La seconda parte del romanzo si apre con la descrizione della “Spagnola”, la terribile pandemia influenzale che interessò quasi tutte le regioni del mondo e che in Italia provocò la morte di quasi 400 mila persone.

Con rapide e dense pennellate Mommo descrive quella che egli chiama la “peste”, la quale, come l’odierno Covid-19, colse impreparate le sue vittime e tutto l’apparato sanitario, passando poi a descrivere la crisi politica, economica e sociale del dopoguerra che apre la strada al Fascismo, del quale vengono sottolineati gli aspetti più caratteristici: la retorica, i simboli e i riti, l’odio verso gli Ebrei e i diversi, la caccia ai “sovversivi”, la violenza e la rozzezza culturale.

C’è infine il racconto, per linee essenziali, degli ultimi avvenimenti, a partire dall’agosto 1943, con lo sbarco degli Americani in Sicilia, fino alla caduta del Fascismo, alla Resistenza e alla nascita di una nuova Italia e di una nuova mentalità che si andava diffondendo in conseguenza delle mutate condizioni economiche e sociali e della battaglia contro l’analfabetismo efficacemente contrastato con una nuova politica scolastica e con l’apertura di nuove scuole.

Uno spazio particolare viene riservato agli anni tra il ’54 e il ’68 i quali, sotto il profilo economico, furono anni di grande sviluppo: gli anni del cosiddetto “miracolo economico”.

Altre storie e altri personaggi arricchiscono lo svolgimento del romanzo: la storia di Frank e di Assunta; quella di Emilia; quella di Pasquale “‘U pezzaru”; quella del dolce Carlo (il padre dell’autore), detto “‘U mercanti”, ben voluto da tutti per il suo fare signorile e paziente; la storia degli amori appassionati e travolgenti di Paolo per Martina e Robertina (rispettivamente madre e figlia). Un romanzo corale, dunque, senza un vero protagonista.

L’ultima parte del romanzo è dedicata al racconto delle vicende del dopoguerra, a partire dal Referendum del 1946 e dalle prime elezioni del 1948, con l’immagine delle piazze che si riempivano di gente che andava ad ascoltare i comizi dei vari personaggi politici “per curiosità e per divertirsi a vedere vandiari da un balcone all’altro i panni sporchi”.

Il romanzo si chiude col racconto del suicidio di Pasqualino, in cui l’autore rivive un pezzo del suo passato dolorosamente segnato dal rimorso per non aver fatto nulla per aiutare l’amico gay, la cui “diversità” era anzi apparsa come una vergogna.
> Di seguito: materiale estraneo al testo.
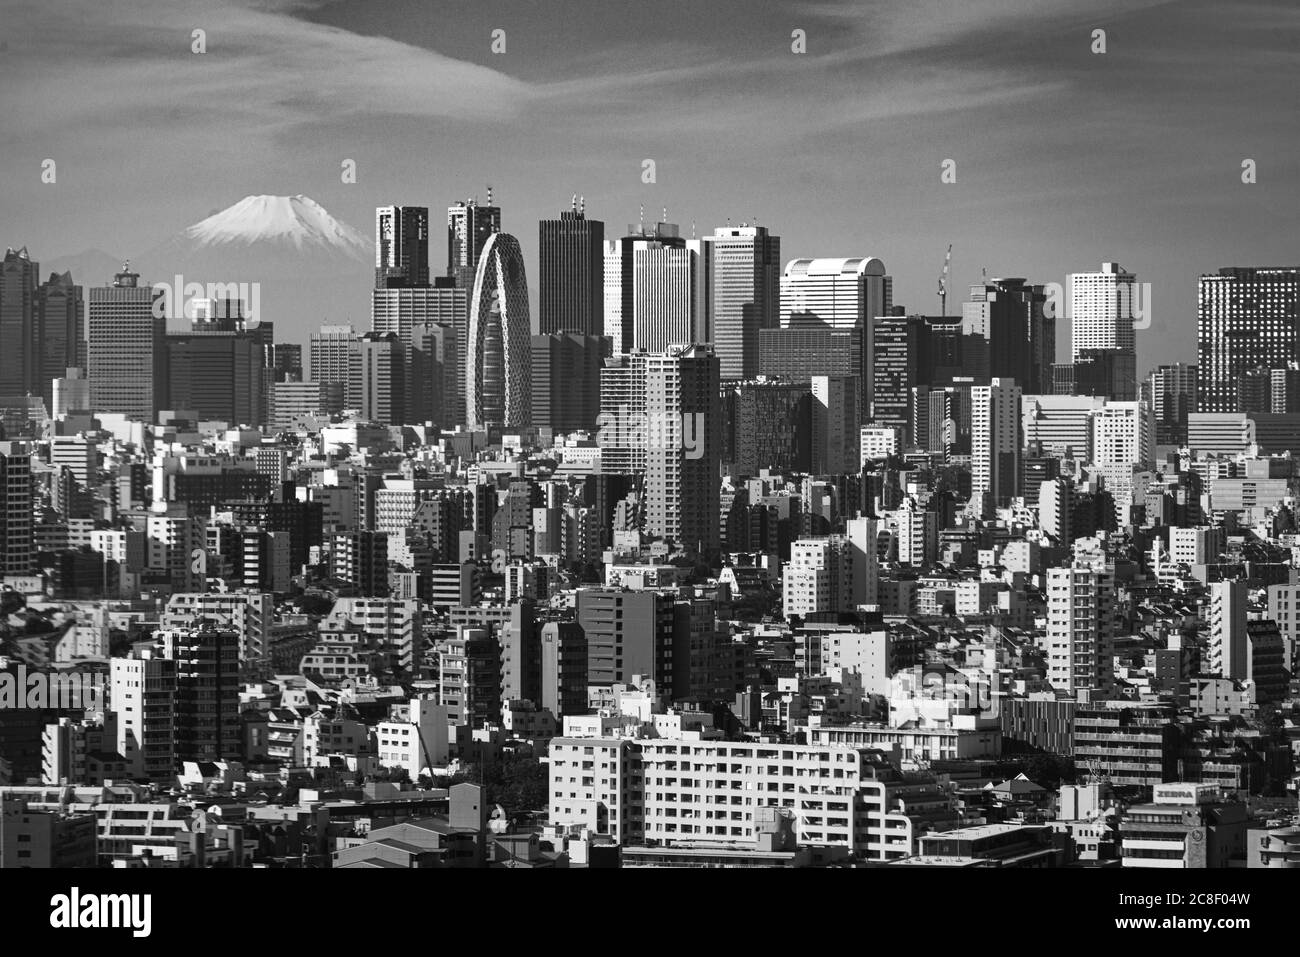 Schwarz-Weiß-Foto des Skylles von Tokyo mit dem Berg Fuji in der Ferne. Wolkenkratzer bilden die Stockfoto

Col racconto del dramma di Pasqualino si conclude materialmente il “Volo nel vento”.

Ma a segnare la conclusione del romanzo è soprattutto la morte dei grandi personaggi: la morte di massaro Gerolamo, il “vecchio leone” sempre pronto a lottare in favore dei deboli, che si “incazzava” per un nonnulla a causa del suo carattere ribelle, impetuoso, ma che, passato il momento, dimenticava tutto. Se ne andò un “mattino di ottobre, mentre fuori un venticello gelido agitava i rami degli alberi della piazza, strappando le foglie ingiallite che volavano lontano e poi cadevano a terra anch’esse morenti”.

Ma se ne andarono anche Don Ferdinando, il parroco del paese, nonna Angelina, il dolce e generoso Carlo (il Padre di Mommo) e mamma Adelina. Con la morte di questi personaggi scompare per sempre un mondo. Scompaiono le grandi fattorie, che erano delle comunità agricole autosufficienti, intorno a cui si organizzava la vita economica, sociale e culturale. Scompaiono i “casini” campestri, i “Don”, i messeri, i cavalieri. Ora, di tutto questo non c’è più traccia. Questo mondo non c’è più ed è impresa assurda volerlo far ritornare in vita.

Nessun ritorno al passato, dunque; c’è bisogno invece di un nuovo modo di pensare e di agire, di una nuova cultura che muovendo dal passato ed utilizzandone al meglio gli aspetti più vivi e vitali, dia più dignità e più benessere al nostro tanto bistrattato Mezzogiorno.

È questo il messaggio che viene dal “Volo nel vento”, un romanzo affascinante e coinvolgente: un affresco che deve farci riflettere sulle difficoltà e sul coraggio che i Calabresi hanno dovuto affrontare per venire fuori da una situazione di grave minorità e da una miseria sopportate con dignità, con onestà e con nobiltà d’animo.

Si tratta, per concludere, di un libro utilissimo e, a mio avviso, indispensabile che dovrebbe quindi essere letto da tutti; soprattutto dai giovani e nelle scuole di ogni ordine e grado.